The Bridge scenario builds upon the CurPol scenario and assumes that certain good practice policies, which have shown to be effective in some countries7–9, will be implemented globally from 2020 until 2030 (Supplementary Table 1 in Supplementary Data lists the good practice policies, while Supplementary Table 2 gives an overview of their implementation in models, with the implemented shares ranging from 44% to 94%). After 2030, the Bridge scenario transitions to a 2 °C scenario following a cost-effective pathway (see below). The set of policies was defined in dialogue with national model teams, granting a more realistic scenario narrative (for more details, see the Supplementary Information). This was done in multiple rounds. First, national modelling teams responded to the proposed good practice policies (based on literature), considering whether these policies could be realistically implemented in their countries and, if not, what other target levels or years would be feasible. These teams cover Australia, Brazil, Canada, China, EU, India, Indonesia, Japan, Republic of Korea, Russia, United States; i.e., approximately 75% of global emissions. Second, the policy list was adjusted to differentiate country groups, regarding the timing and stringency of the targets. Third, some national models ran the refined scenarios and provided feedback, upon which the list was further refined. As such, we eventually defined two country groups (high-income and middle-/low-income), and in some cases three (adding Other, with different definition per measure), which were found to offer enough differentiation to be nationally relevant while still adhering to a common set of policy measures. Finally, all national and global model teams ran the agreed set of scenarios.

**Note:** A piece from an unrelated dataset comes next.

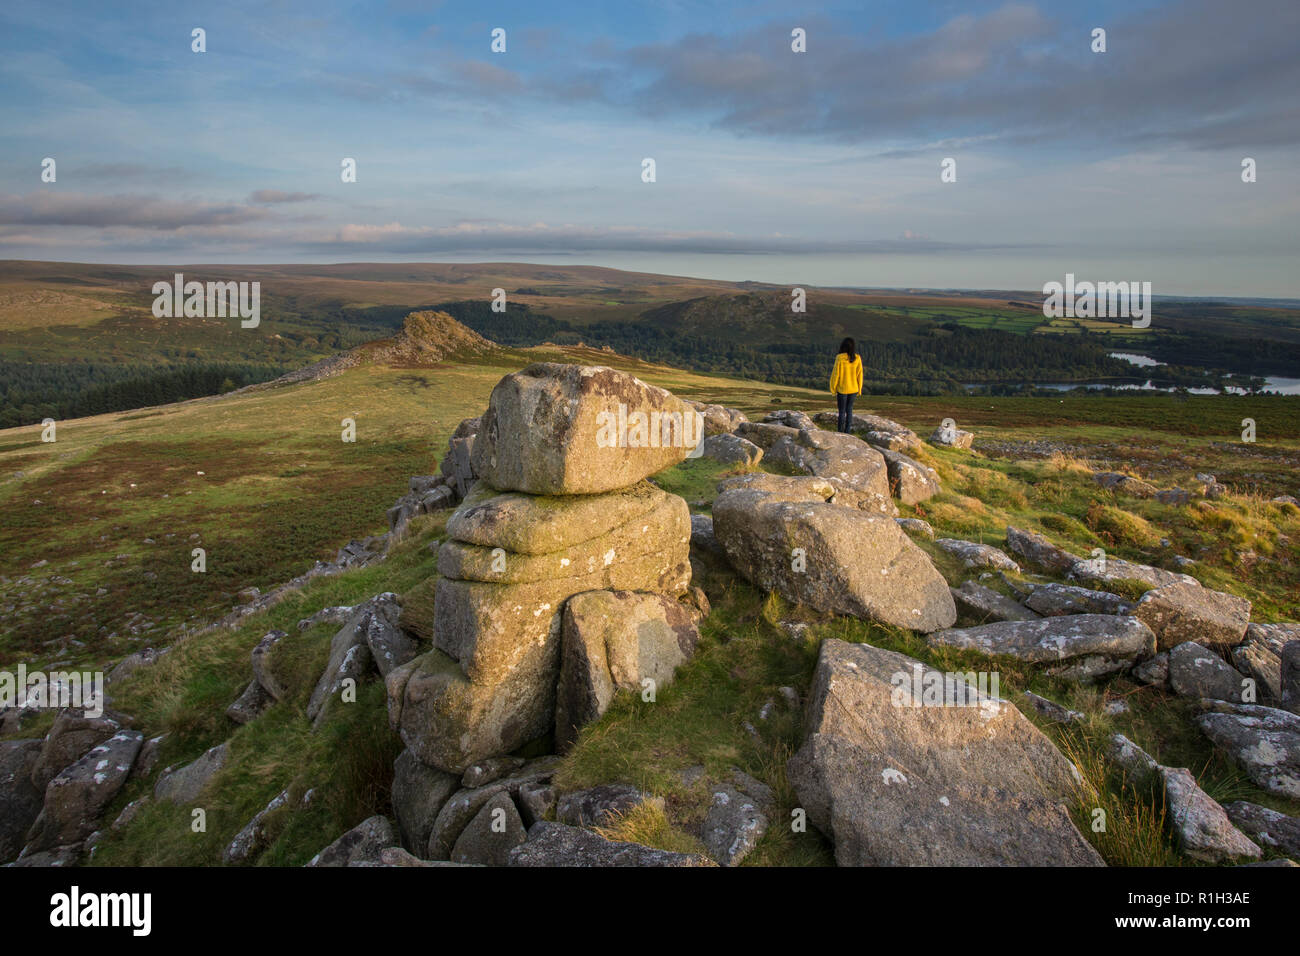 Woam in bright yelloe top standing on Sharpitor rocks looking towards Leather tor at sunset Stock Photo

A distinction is made between low/medium-income and high-income countries in terms of timing and stringency of good practice policy targets. The AFOLU sector’s measures are differentiated mostly in terms of stringency, not timing, considering the current differences in efficiency between high- and lower-income countries. Afforestation rates have a more specific country differentiation, based on NDC ambition. Energy supply measures are rather similar between countries as these are already more widespread, with the exception of coal phase-out, where low-income countries would need more time. Measures in the buildings sector are differentiated in terms of timing (overall energy intensity of buildings and oil boilers) as well as stringency (efficiency of appliances and renovation rate) given the different starting points and future service demand in country groups. For industry, the CCS measure was differentiated in timing only, as the development of the technology has a global nature, but its implementation may encounter different institutional barriers between higher and lower-income countries. For adipic/acid production, no differentiation was applied as significant emissions reductions are already technically possible. For F-gases, the differentiation is in line with the Kigali Agreement. Transport measures were not differentiated for aviation due to its global nature, but vehicle measures were assumed to be less stringent in low-income countries given different starting points. Given the more abundant use of landfilling in lower-income countries, reductions in methane emissions from waste were assumed to be smaller than in high-income countries.

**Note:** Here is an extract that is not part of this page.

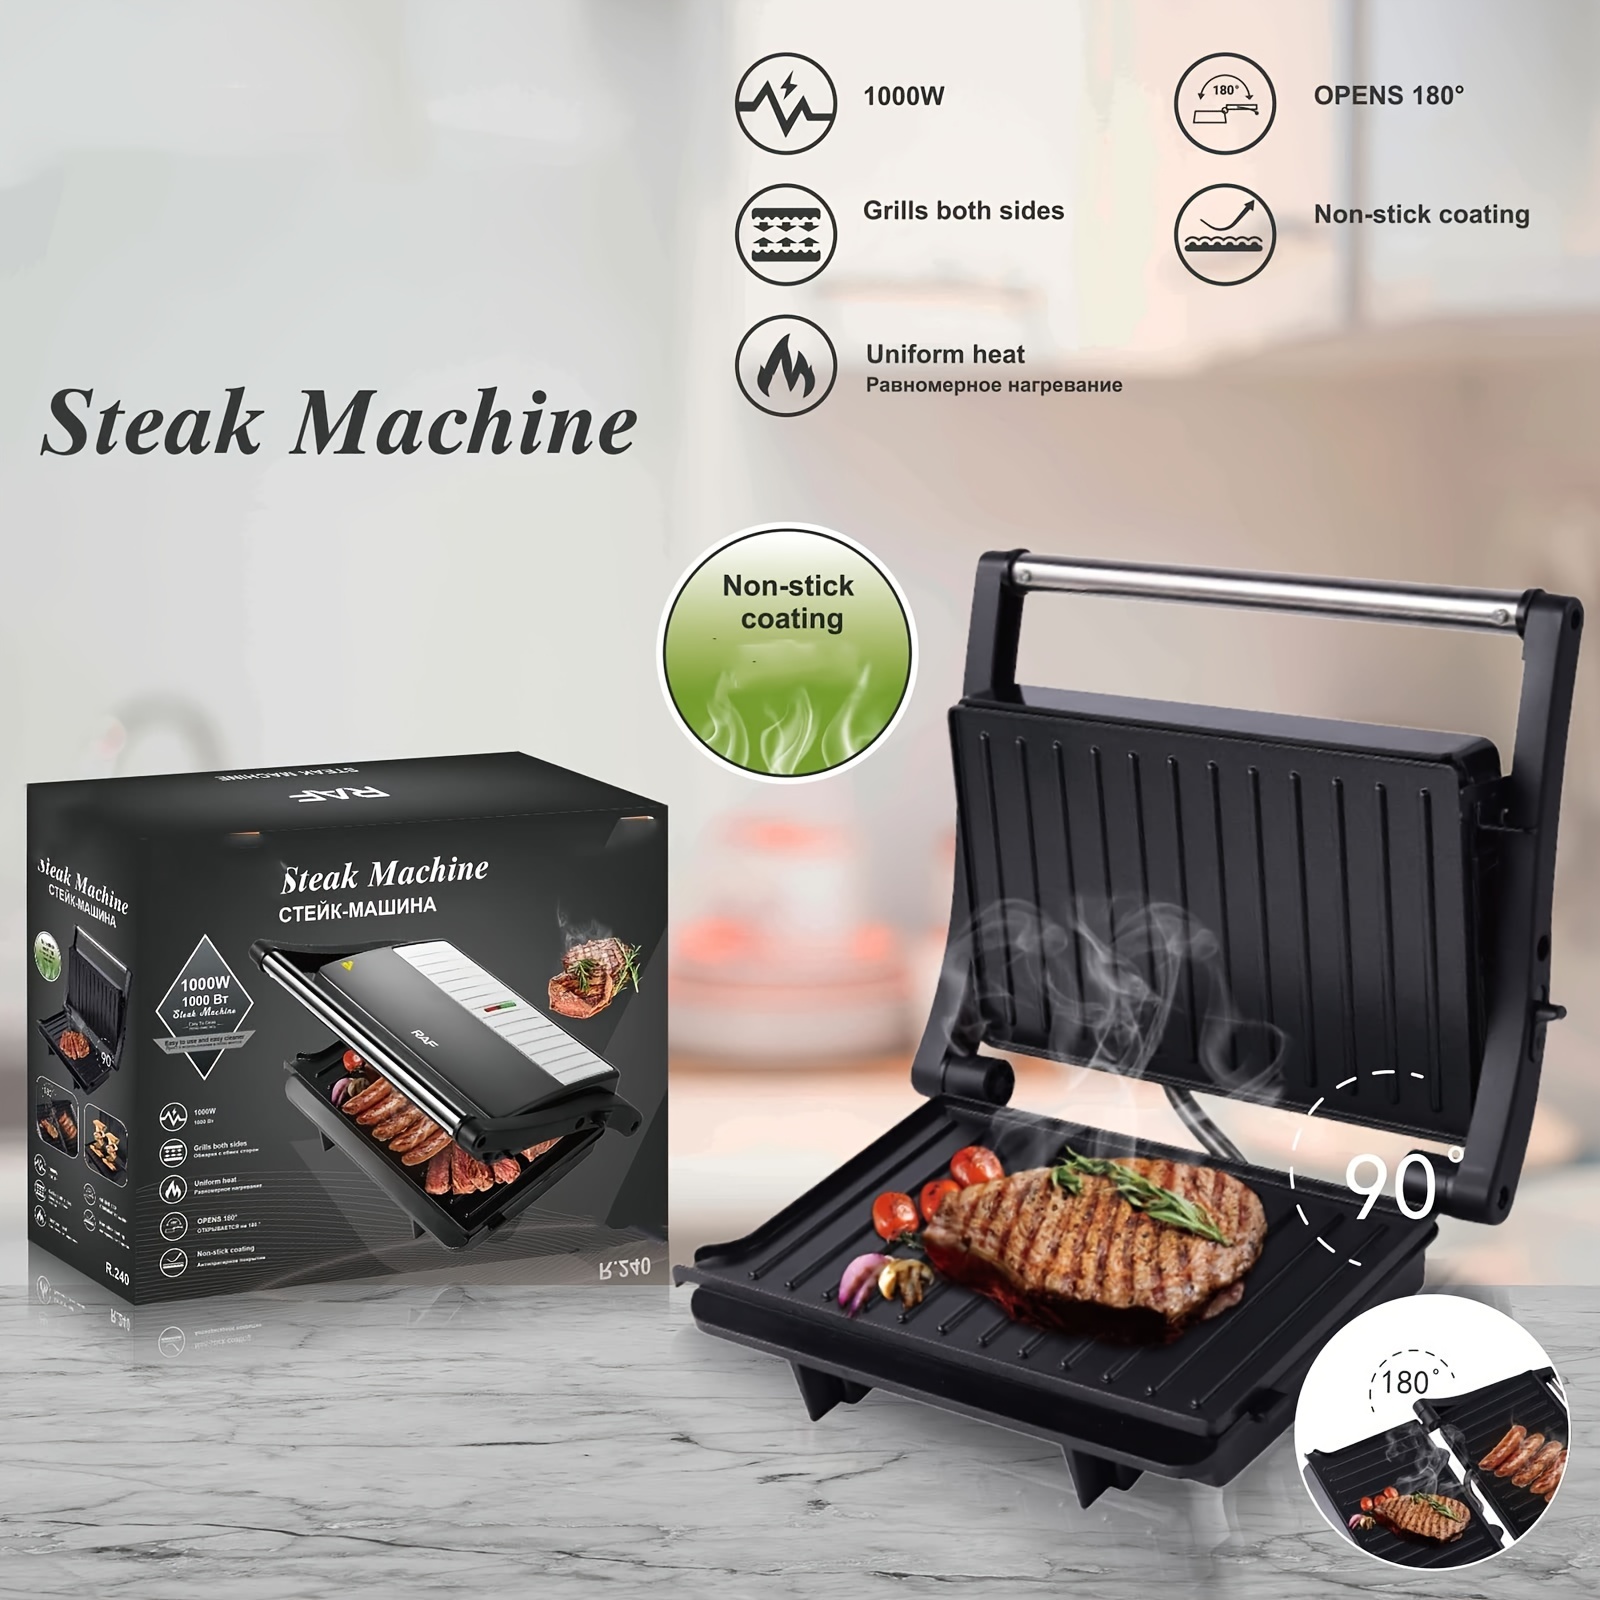 Delicious Grilled Meats At Home With The Maifanshi Electric Non

Finally, as opposed to Fekete et al7., carbon pricing is included as good practice policy, although it may be considered as a top-down policy of different nature than the other policies. Carbon pricing and emission trading schemes have been successfully implemented in various countries. Furthermore, previous work9 highlights that good practice regulatory policies should be considered as complements to pricing-based approaches. In the simulations, the carbon price applies to all gases and sectors, hence represents an idealized view of carbon pricing schemes. It does not take the highest carbon price currently observed as starting point, but rather an approach in which countries were divided in three tiers with different carbon price levels and timelines to be most relevant to the countries represented here, and to better reflect the current status of pricing measures, such as ETS39. As a variant and to analyse the effect of this measure, some models ran an additional scenario excluding the carbon price measure (see Supplementary Fig. 7).